If he's guilty, then he has done his time (or half of it). If he's not guilty – or, at least, not of anything criminal – then his actions were surely immoral. Does he regret it? "I wish I'd had the wisdom then, that I have now, to think of the consequences... I've never in my life had sex with anybody who didn't want to have sex with me. But I have, many times, persuaded somebody who didn't find me particularly attractive that they did find me attractive. And I have persuaded them that they wanted to do something, which indeed they did, and they enjoyed.
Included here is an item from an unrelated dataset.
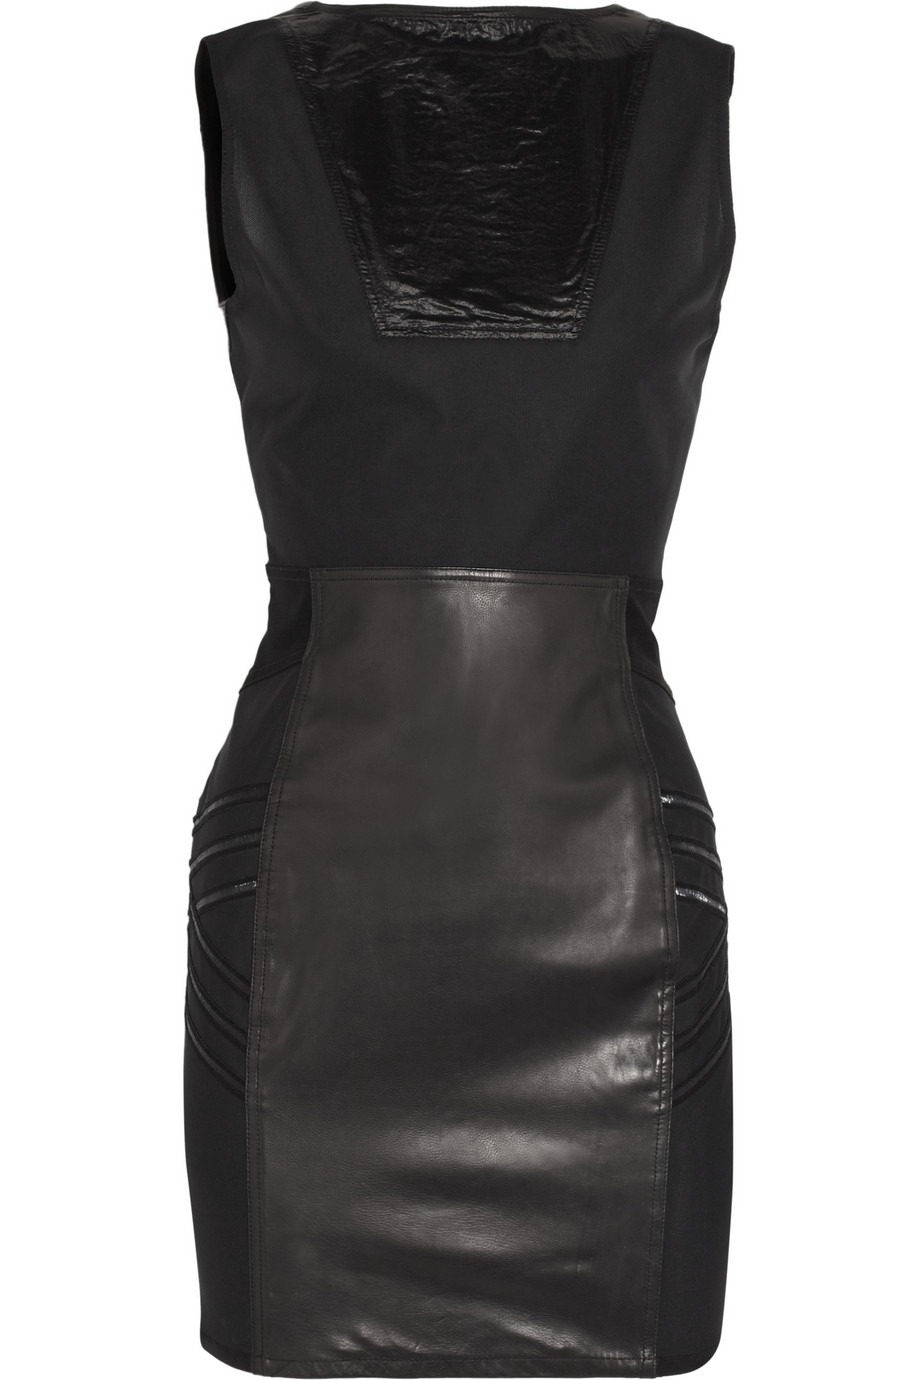 Alexander Wang Leather and Mesh Dress in Black - Lyst

"But I didn't at the time think: 'How will they react to this in 20 years time, when they're married with children? Will people change as they get older, and might they be badly affected mentally by something they did when they were younger?' I think that's the only regret I have. But you don't think about it when you're young. The hormones are pouring through you, the adrenalin's going, and you just don't think."

A Life in Brief

Born Kenneth George King on 6 December 1944

Education Charterhouse. Studied English at Trinity College, Cambridge

Career Had his first hit with "Everyone's Gone To The Moon" in 1965, many others over the next 15 years. Signed Genesis in 1967 and was involved in the careers of 10cc and The Bay City Rollers. Ran Decca Records before setting up his own label, UK Records. Fronted BBC2's Entertainment USA in the 1980s, and produced the Brit awards from 1990 to 1992. Won British Phonographic Industry's man of the year award in 1997. Convicted of sexual offences involving boys in 2001 and released from prison in 2005. Received an apology from the BBC in October after being cut from a rerun of a 1976 episode of Top of the Pops.